Work task - Copy all data exactly. Skip pictures.

Data excerpt -
- - -

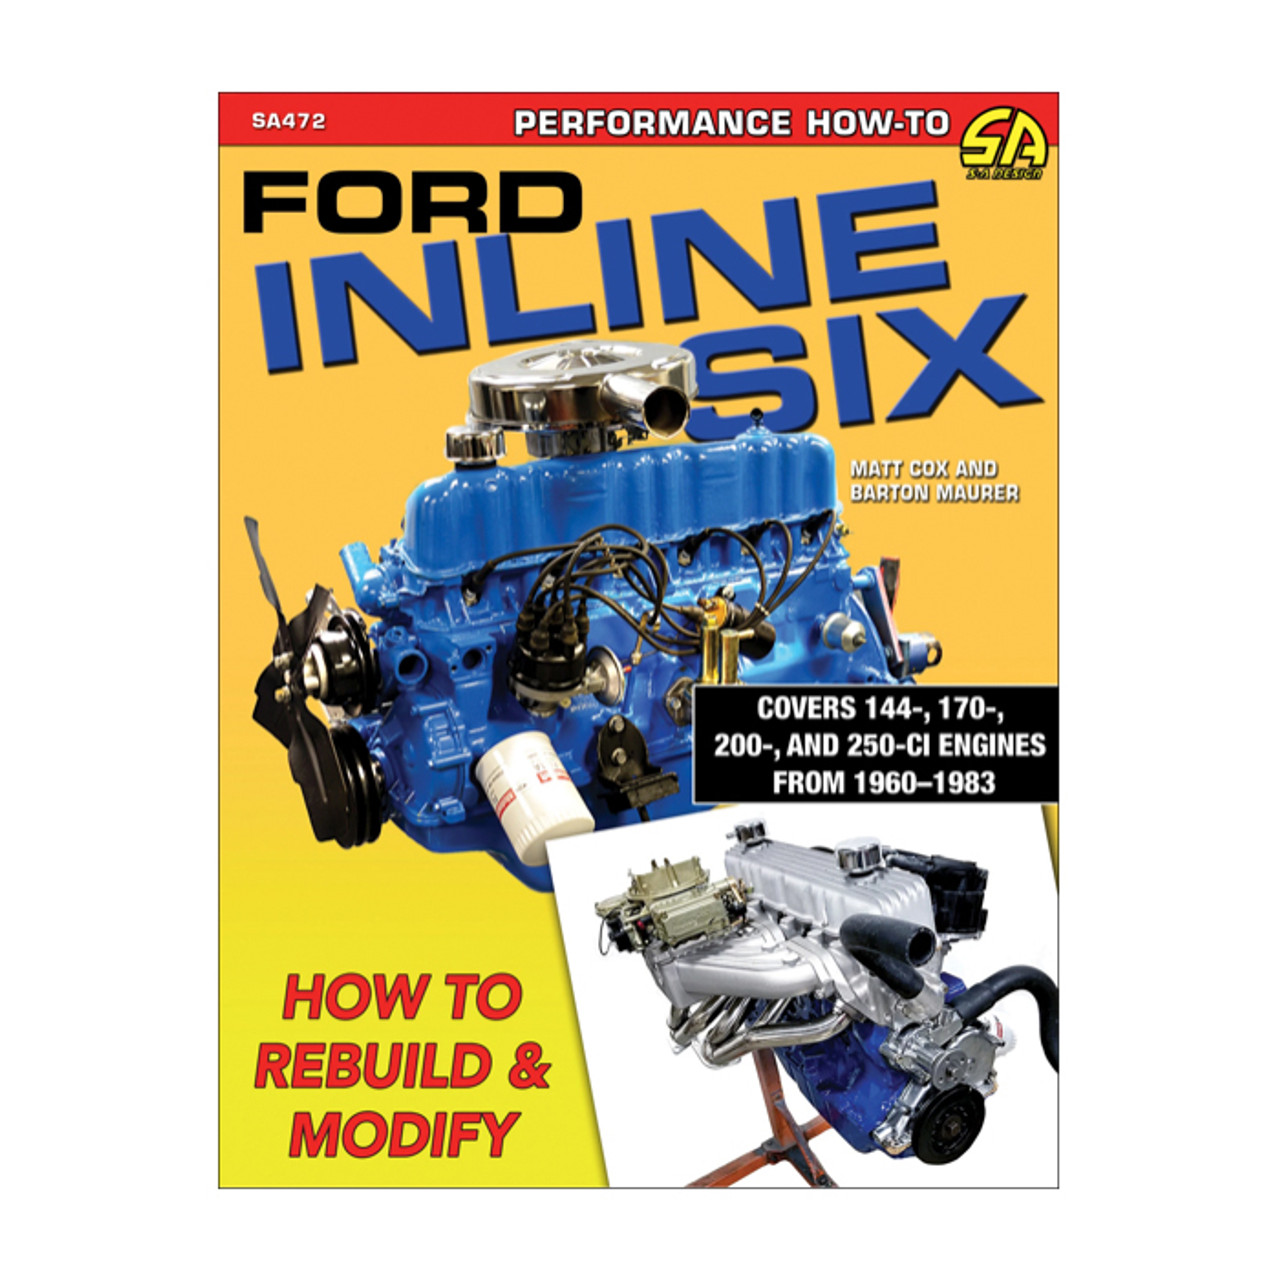 Ford Inline Six How To Rebuild and Modify
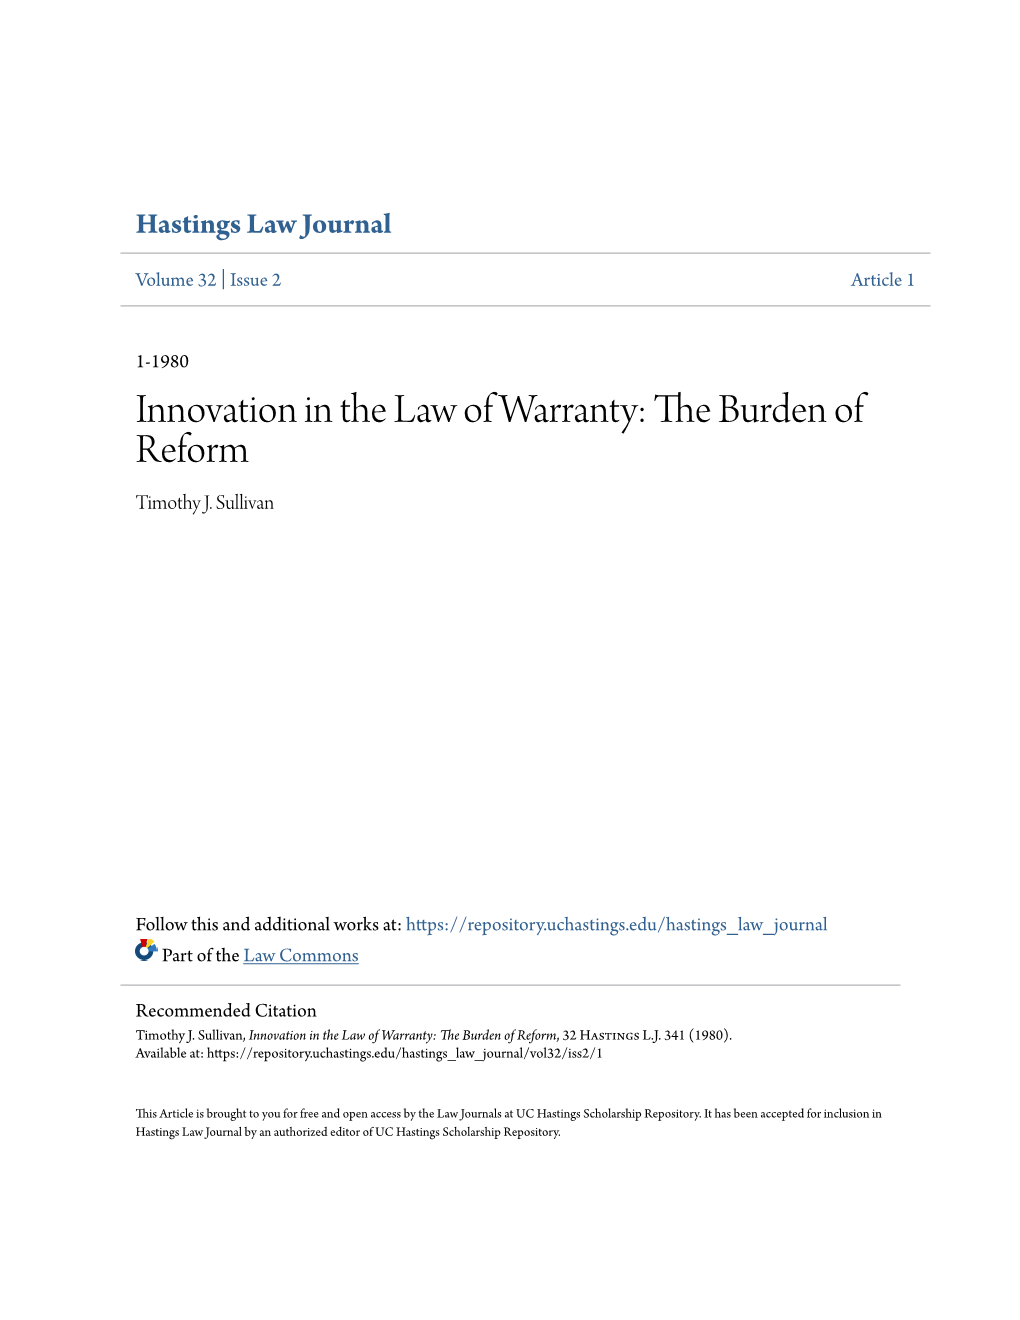 Innovation in the Law of Warranty: the Urb Den of Reform Timothy J
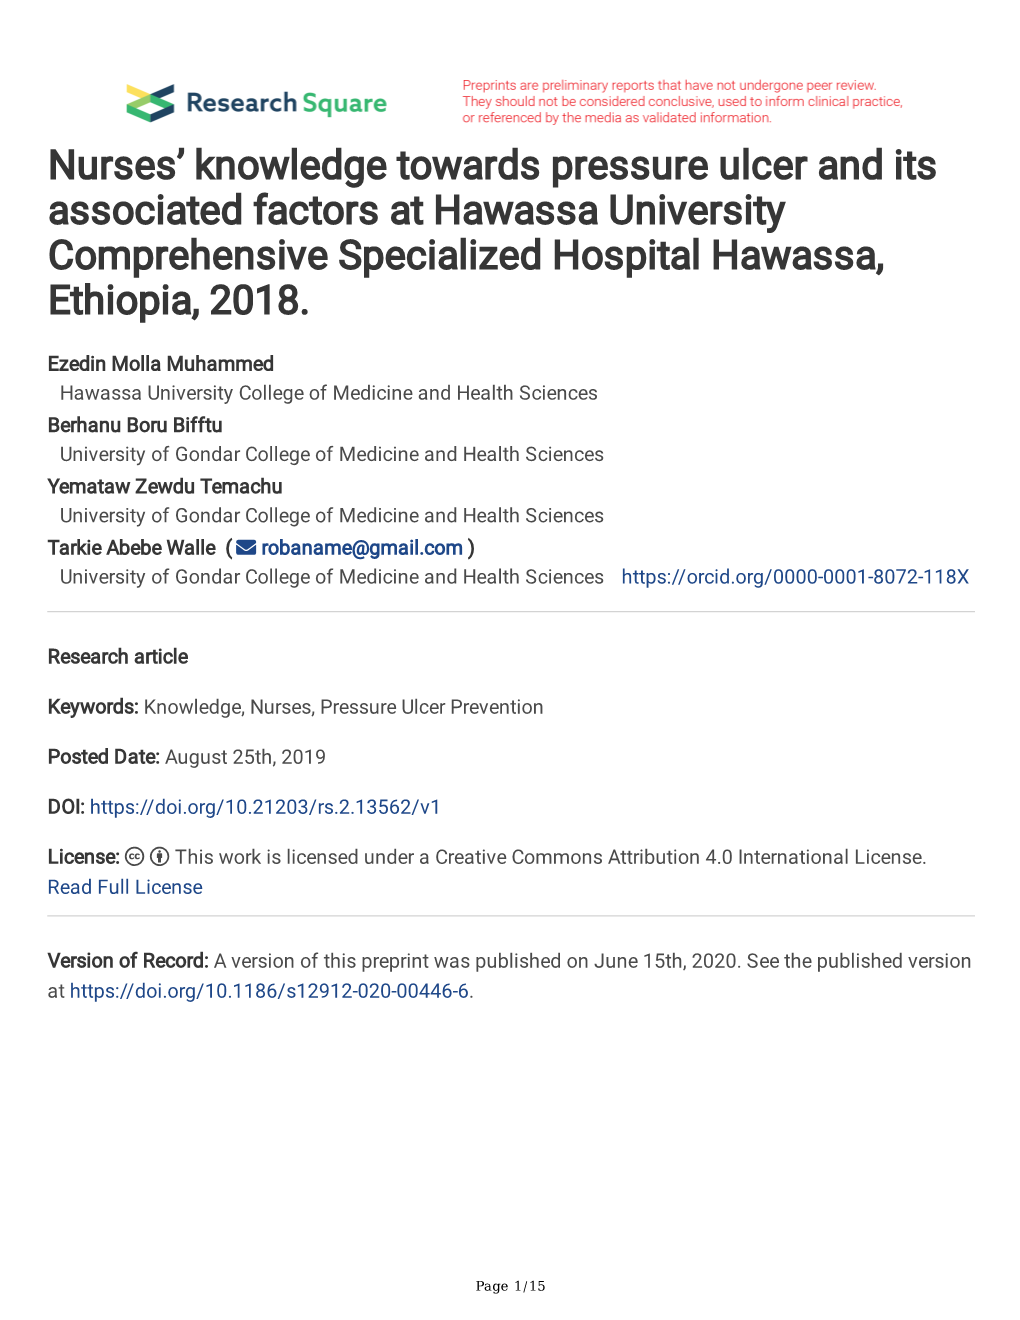 Nurses' Knowledge Towards Pressure Ulcer and Its Associated Factors At
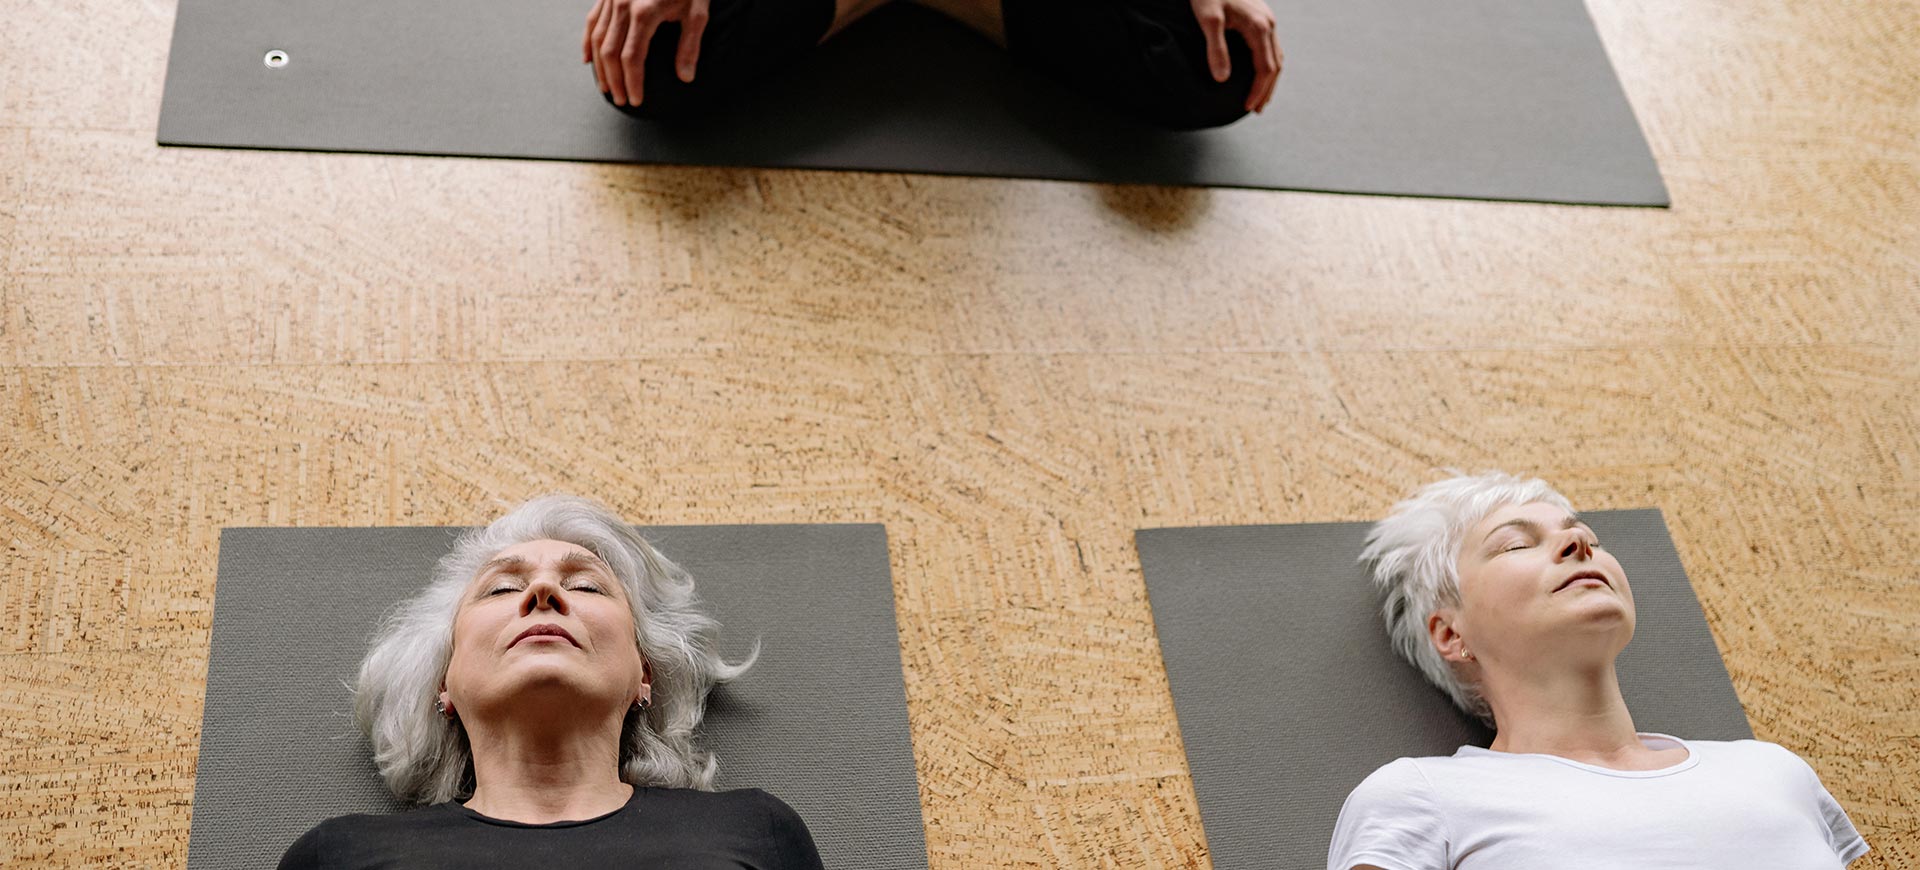 The Yoga Nidra Trend: Is It Real or Ruse?

- - -

Task response -
 Ford Inline Six How To Rebuild and Modify
 Innovation in the Law of Warranty: the Urb Den of Reform Timothy J
 Nurses' Knowledge Towards Pressure Ulcer and Its Associated Factors At
 The Yoga Nidra Trend: Is It Real or Ruse?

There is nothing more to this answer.